Are ClickHouse JOINs Slow? A 2026 PR-by-PR Analysis

Apr 14, 2026

TL;DR

Are ClickHouse JOINs slow? Not since 2022. Over 50 merged PRs between 2022 and 2026 rebuilt the join engine from the ground up. The evidence is in the commit history.

We analyzed 50+ GitHub pull requests, official ClickHouse changelogs, and release blogs to trace the full evolution of JOIN support from 2022 through early 2026.
In 2021, the criticism was fair. ClickHouse had one join algorithm (hash join), no disk spilling, no cost-based optimization, and join order followed query syntax. If your right table exceeded memory, the query crashed.
By early 2026, ClickHouse ships six distinct join algorithms, cost-based global join reordering with dynamic programming, runtime bloom filters at the storage layer, parallel hash join as the default, correlated subquery decorrelation, and automatic build-side selection. None of this requires manual tuning.
The single highest-impact change is equivalence-set filter pushdown (PR #61216), which delivered 180×+ speedups by propagating predicates across join sides through column equivalence classes. PostgreSQL and Oracle’s planners use the same technique, and ClickHouse implements it natively in its columnar vectorized engine.
Grace hash join (PR #38191) eliminated OOM crashes for memory-bound joins. Parallel hash join (PR #70788) became the default and scales near-linearly across CPU cores. Neither requires configuration.
Global join reordering with column statistics (PR #86822) produces 1,450× speedups on TPC-H SF100 by automatically finding the optimal join order. The DPsize dynamic programming algorithm (PR #91002) further improves this for complex multi-table queries.
Runtime bloom filters, enabled by default since February 2026 (PR #89314), dynamically prune probe-side data at the storage scan level. The v25.10 release blog reports a 2.1× speedup and 7× memory reduction on star-schema workloads.
Verdict: the “avoid JOINs in ClickHouse” advice made sense in 2020. Repeating it in 2026 is misinformation. ClickHouse’s join engine now operates with the planning sophistication of a mature enterprise RDBMS, and it does so inside the columnar vectorized execution model that makes ClickHouse fast in the first place.
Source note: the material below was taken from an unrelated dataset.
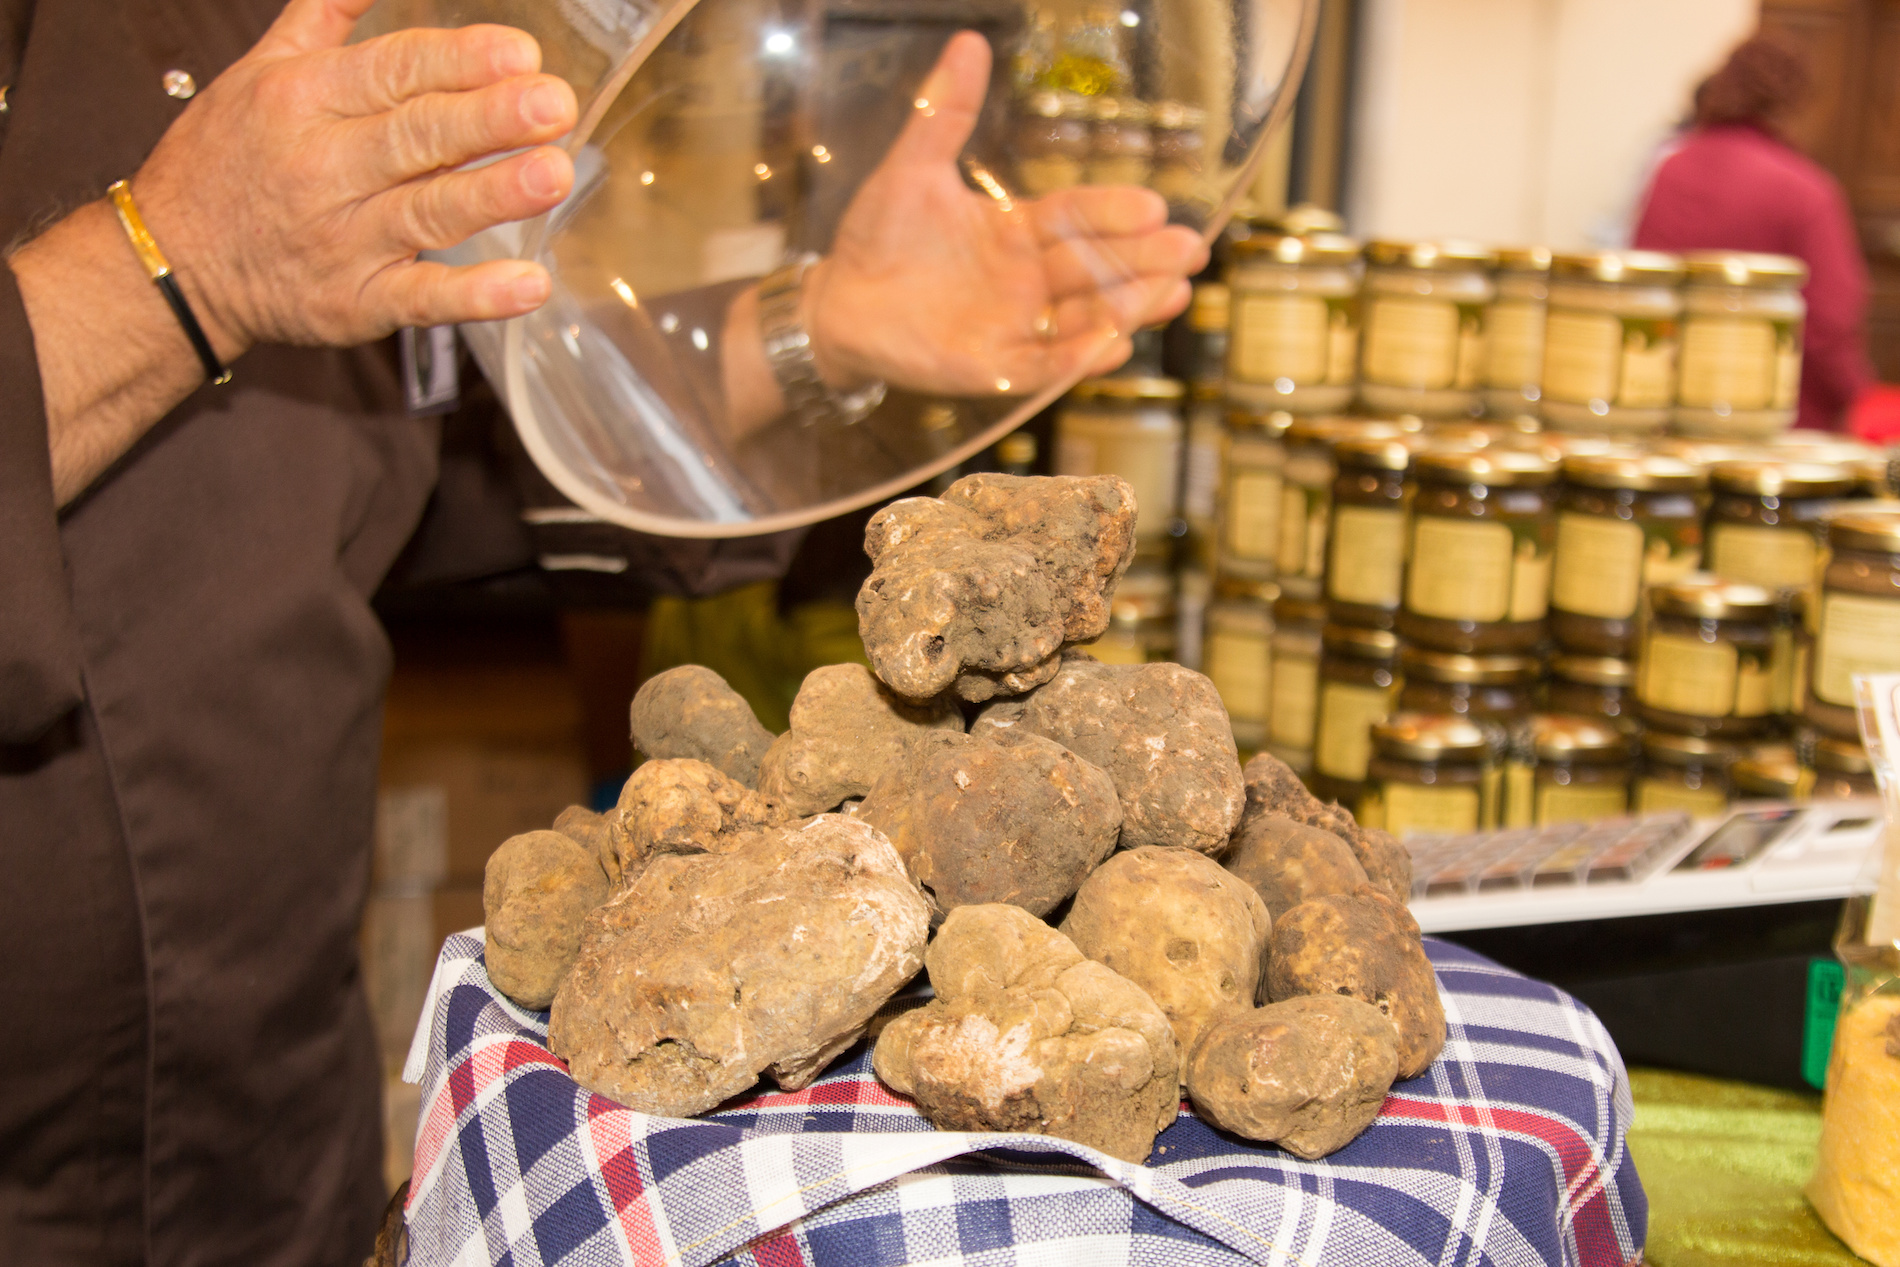 A pile of truffles on a table

Why People Still Say “Avoid JOINs in ClickHouse”

If you’ve evaluated ClickHouse in the last few years, you’ve heard the warnings:

“Avoid JOINs in ClickHouse”
“ClickHouse doesn’t handle JOINs well”
“Denormalize everything, always use flat tables”
“JOINs are slow in ClickHouse”
“Only hash join available, limited join algorithms”
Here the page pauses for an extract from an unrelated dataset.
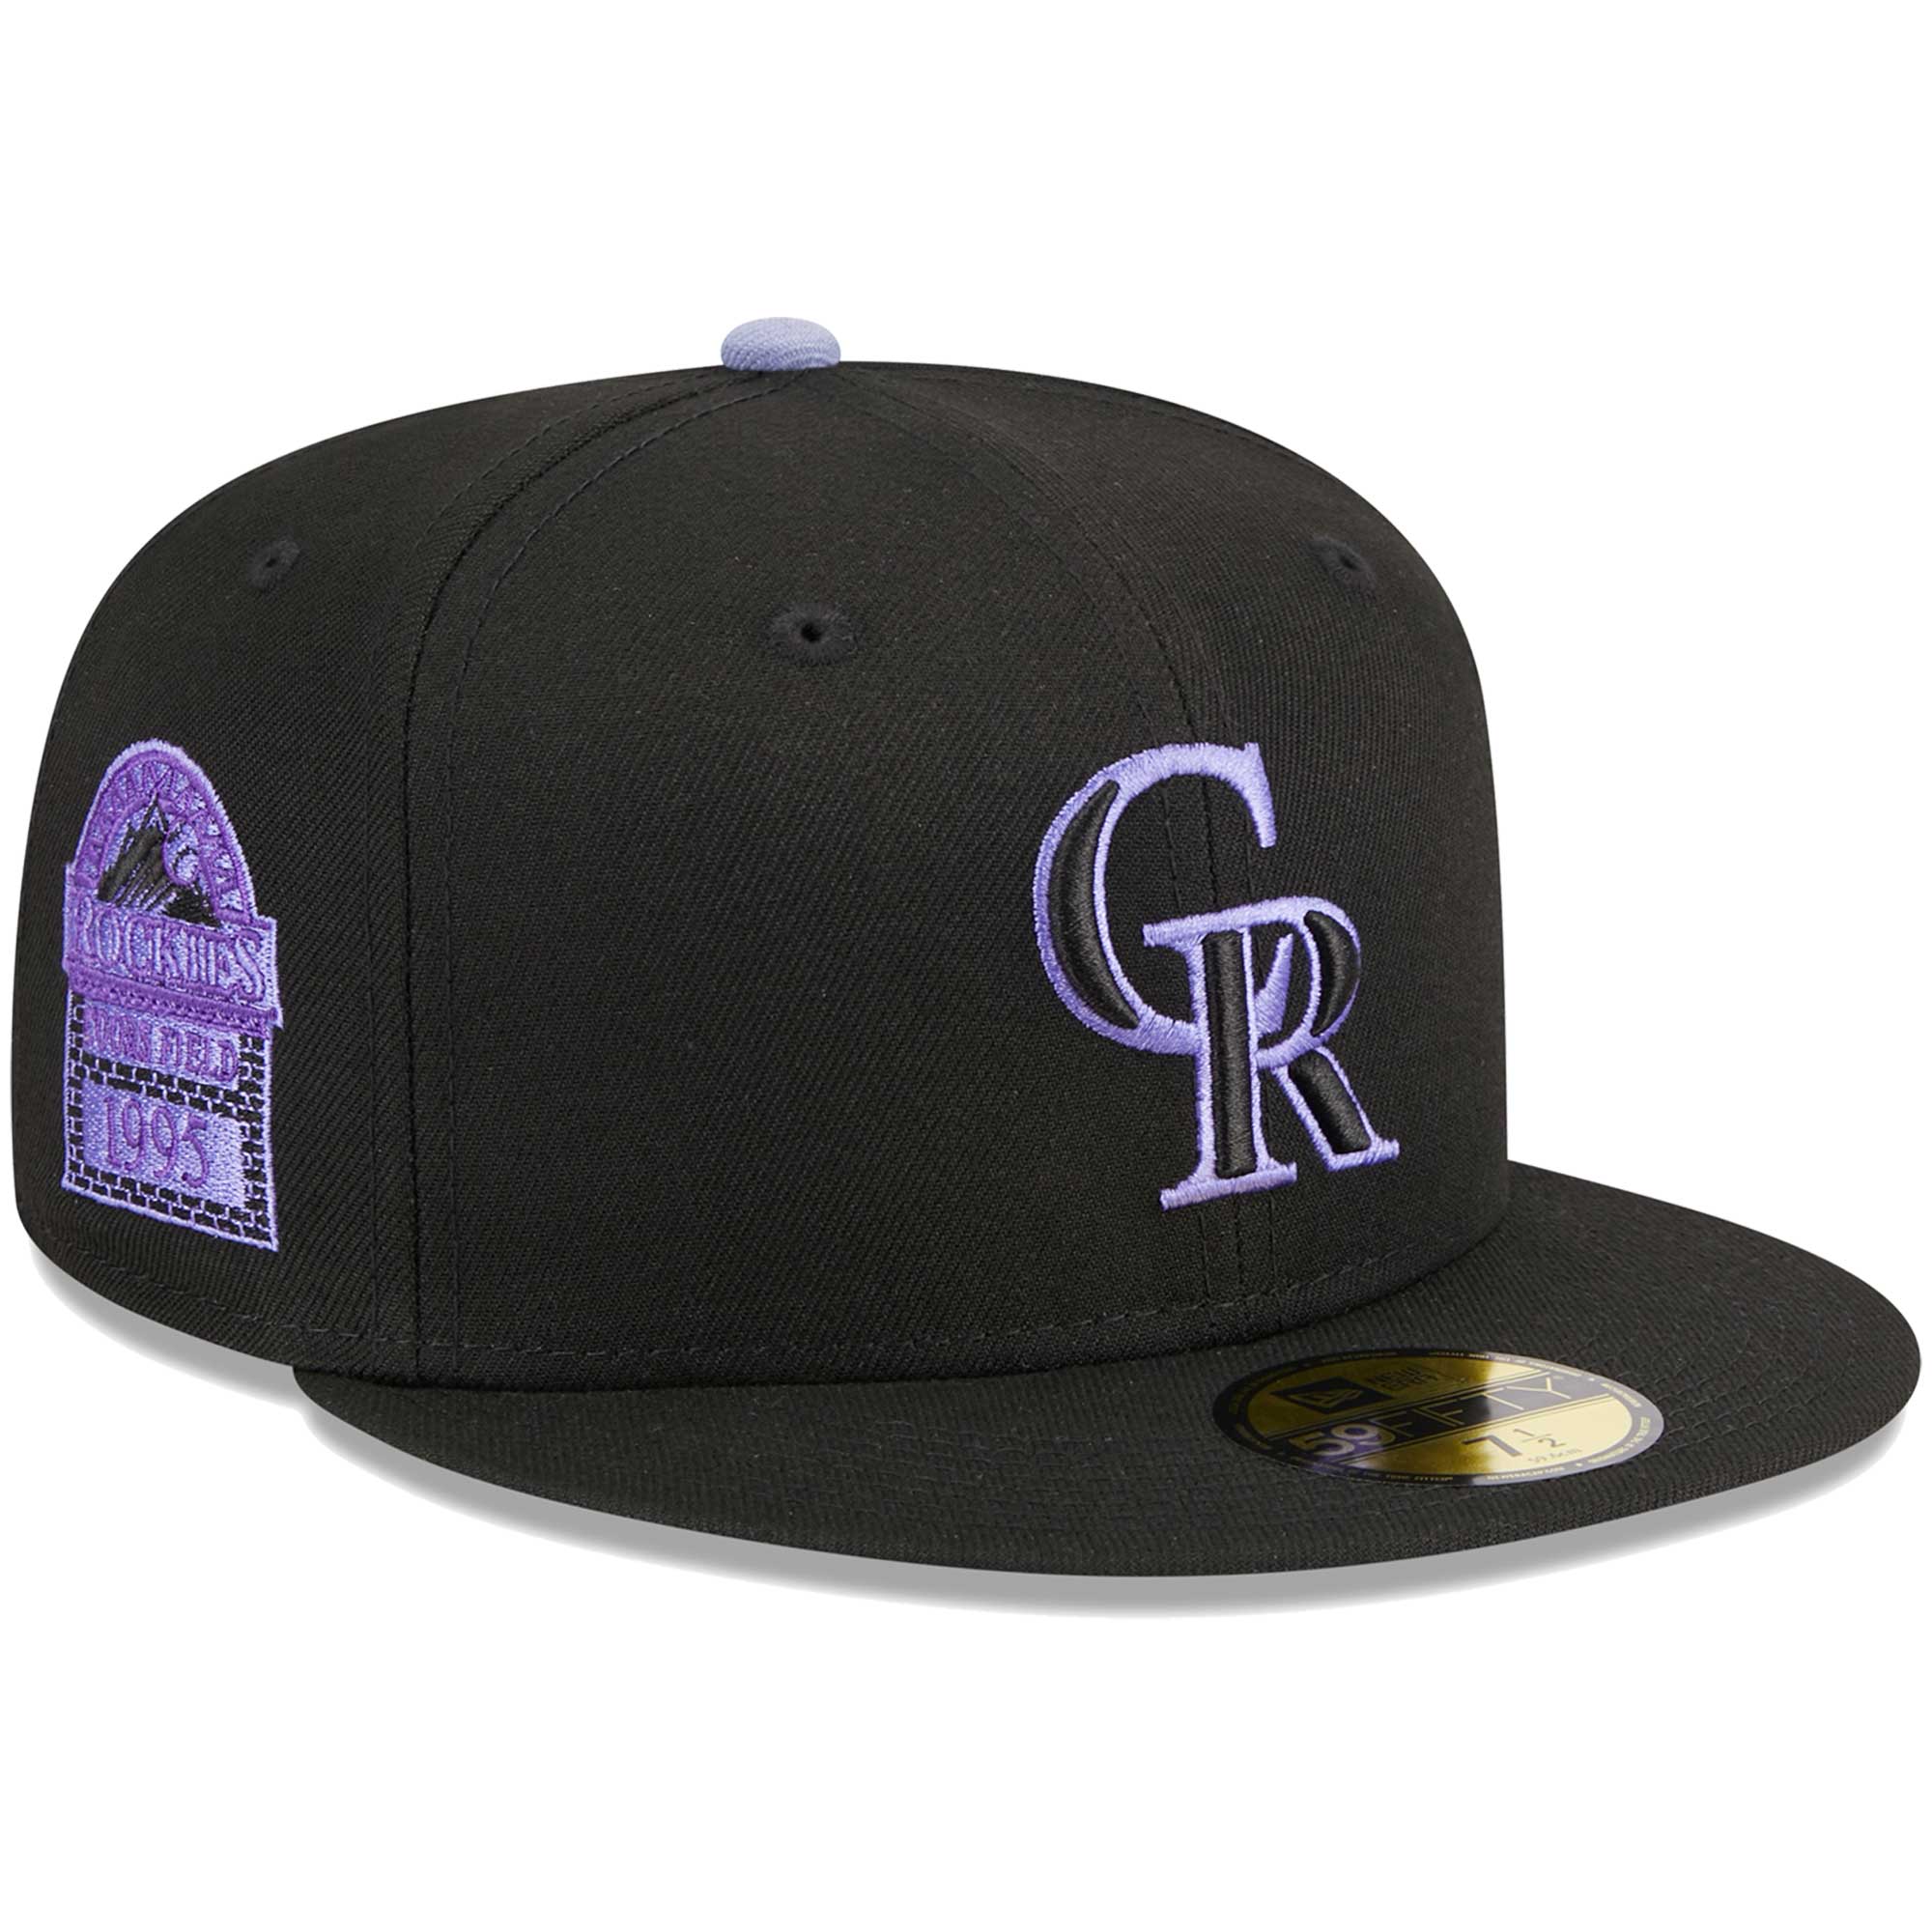 New Era Men's Colorado Rockies Low Profile 59FIFTY Fitted Hat - 7 3/8 Each

Some of these started as legitimate ClickHouse documentation circa 2019–2020 that advised caution with joins. Others were amplified by competitors who found a convenient story: ClickHouse is fast for scans, but it can’t join.
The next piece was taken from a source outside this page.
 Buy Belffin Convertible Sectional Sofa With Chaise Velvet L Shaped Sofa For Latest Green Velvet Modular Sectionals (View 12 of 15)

In 2020, the criticism was mostly fair. ClickHouse had a single hash join algorithm, no disk spilling, no cost-based optimizer, and join order followed query syntax. If your right table exceeded memory, the query crashed with OOM.

Then ClickHouse’s engineering team spent four years dismantling every one of those limitations. Over 50 significant pull requests merged. They added six join algorithms, a cost-based optimizer with dynamic programming, runtime bloom filters, and automatic algorithm selection, build-side selection, join reordering, and predicate pushdown.

This article traces that evolution with PR-level evidence. No marketing claims. No benchmarks on toy datasets. Just the commit history.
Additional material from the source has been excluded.